For the next week, every time the phone rang, I’d jump, but he didn’t call. I was starting to doubt I’d ever hear back from him. But that Sunday afternoon the phone rang, and when I answered it, the operator asked if I’d accept a collect call form Ralph Kiner! I exclaimed “yes!”
Then I heard Kiner’s voice say: “You know, I had to dig out my old high school yearbook, because I couldn’t remember who the hell Bill Thompson was!” Then he continued with a laugh, “Of course I remember your father. So he’s going to be 70 in September, well, great! What can I do to help?”

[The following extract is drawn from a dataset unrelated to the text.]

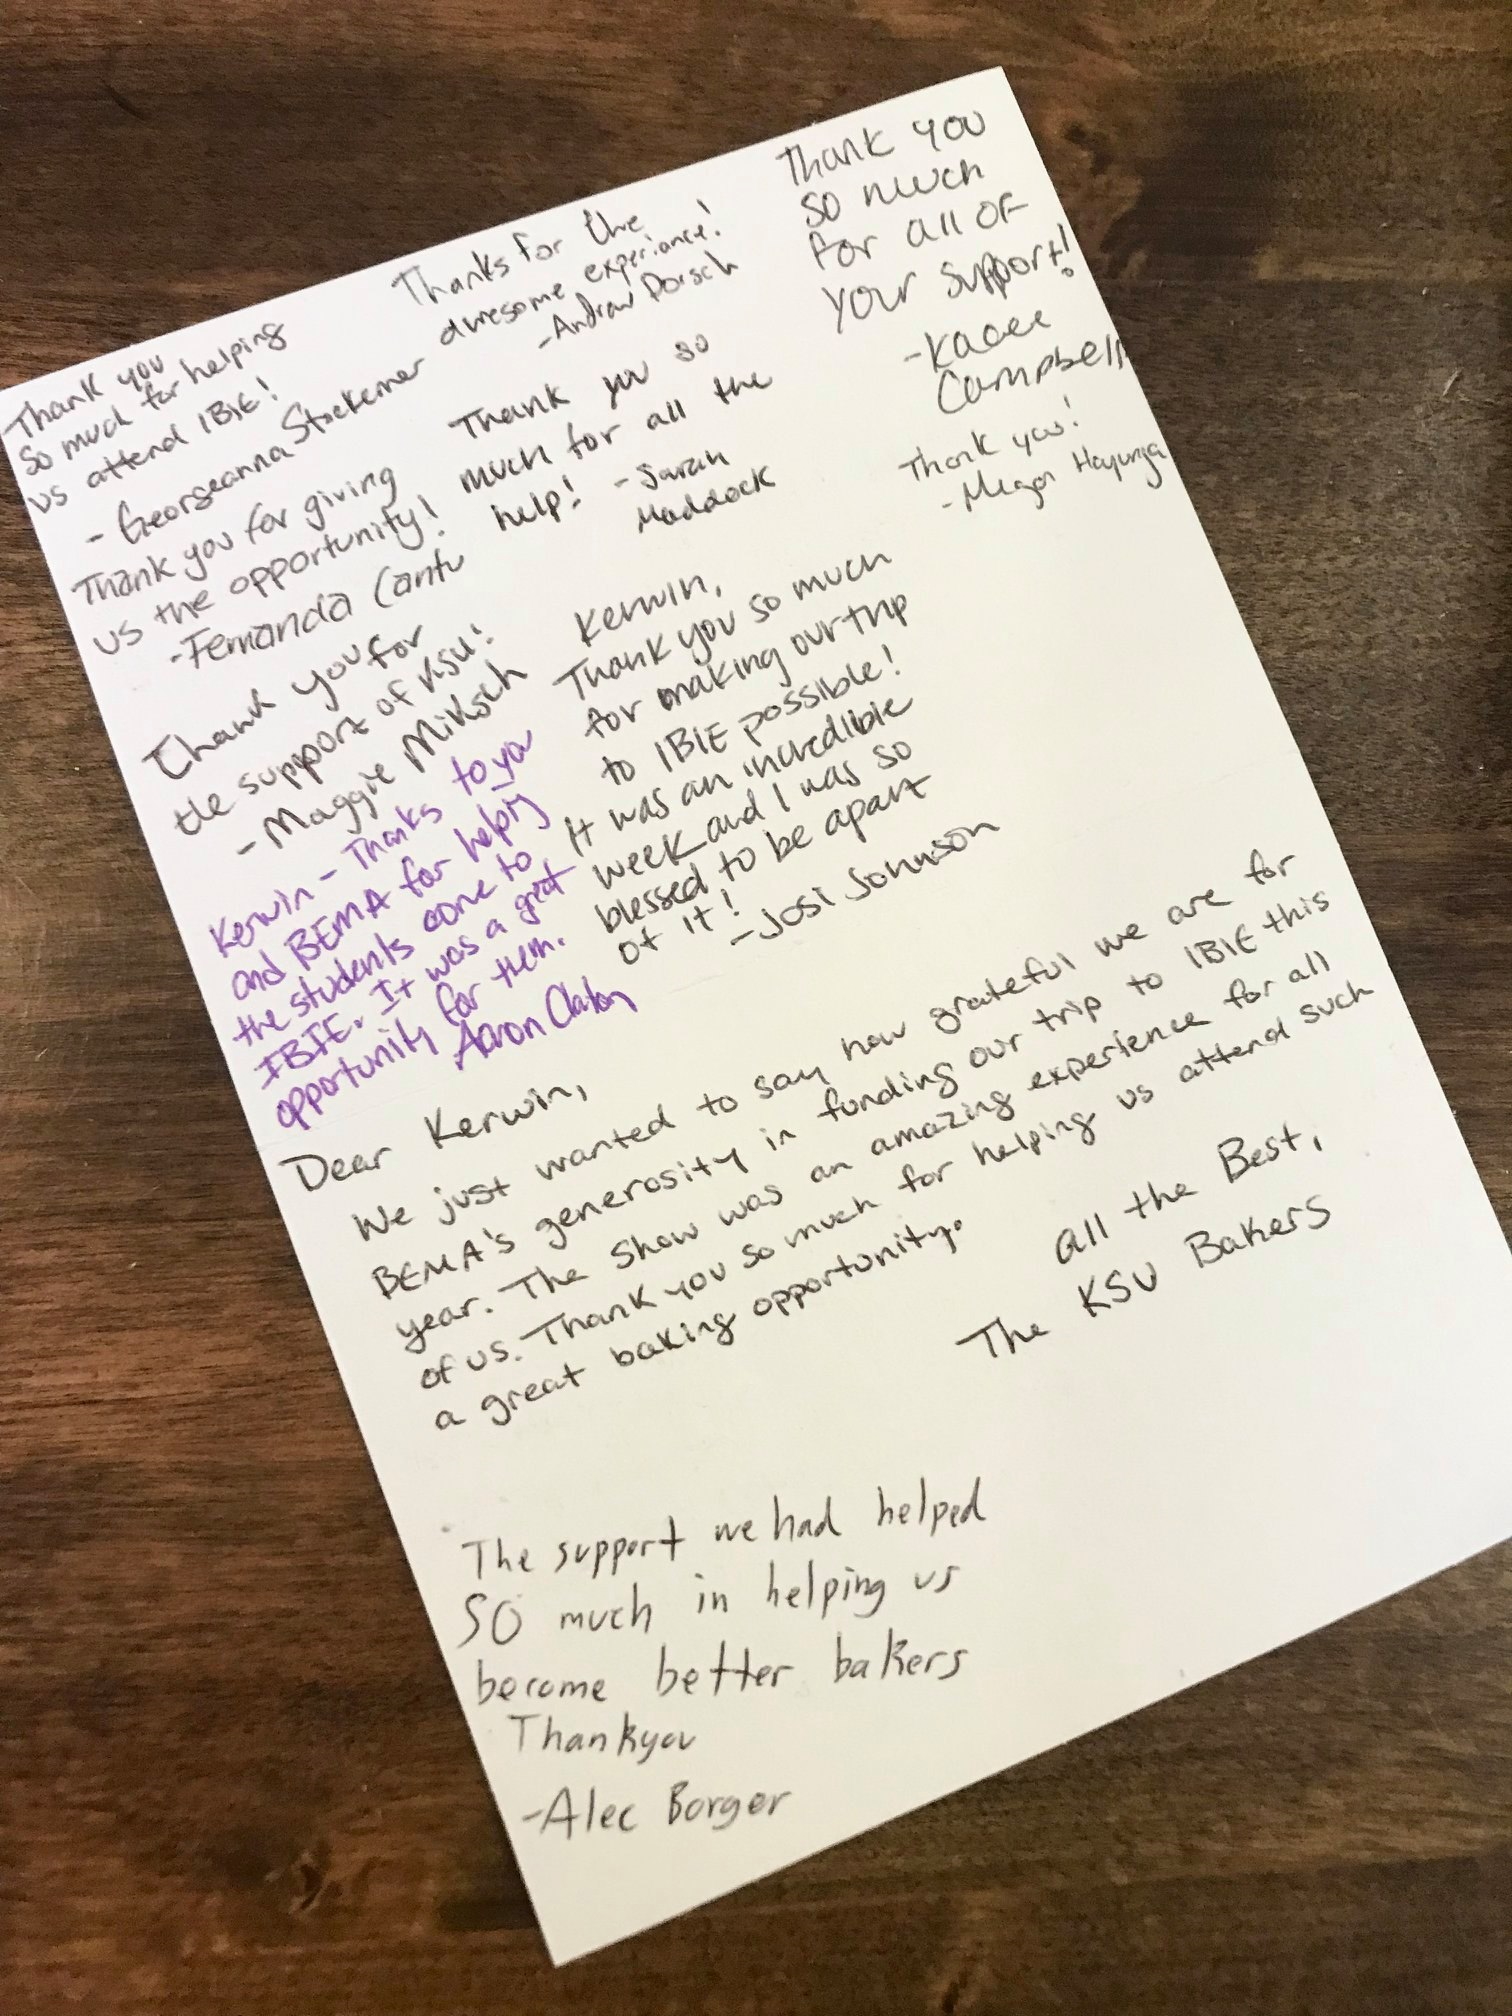 Kind thank you note from Kansas State students who attended IBIE 2019

We talked for a long time. He remembered my father well and regaled me with a few anecdotes from those days. I asked if I sent him a baseball and maybe a trading card, would he please sign them and send them back to me? He said he’d do one better and send me a signed bat and an autographed book that he had just written, along with the card and baseball. I was thrilled! Getting bolder, I ask him if he’d call my dad on his birthday. Kiner said he’d be out of town with the Mets, but he’d try.
I was so taken aback by his generosity and warmth. He he made me feel great, and I knew that this birthday would be very special for my dad. I had each gift wrapped separately, and as my dad opened each of the things, I could see his glee and surprise. I told him that I had talked with Ralph, who did say he’d try calling, but sadly, that didn’t happen.
However, from then on, whenever the Mets were in San Diego, Ralph would call my father and they would have a dinner or lunch at least once every visit. That was usually twice a year. They even got together for golf a few times. I once asked if I could go with Dad to meet Ralph for lunch, but he smiled: “No, this is my time with an old friend!”
However, he again thanked me for rekindling an old friendship. He was grateful, and that made my day too.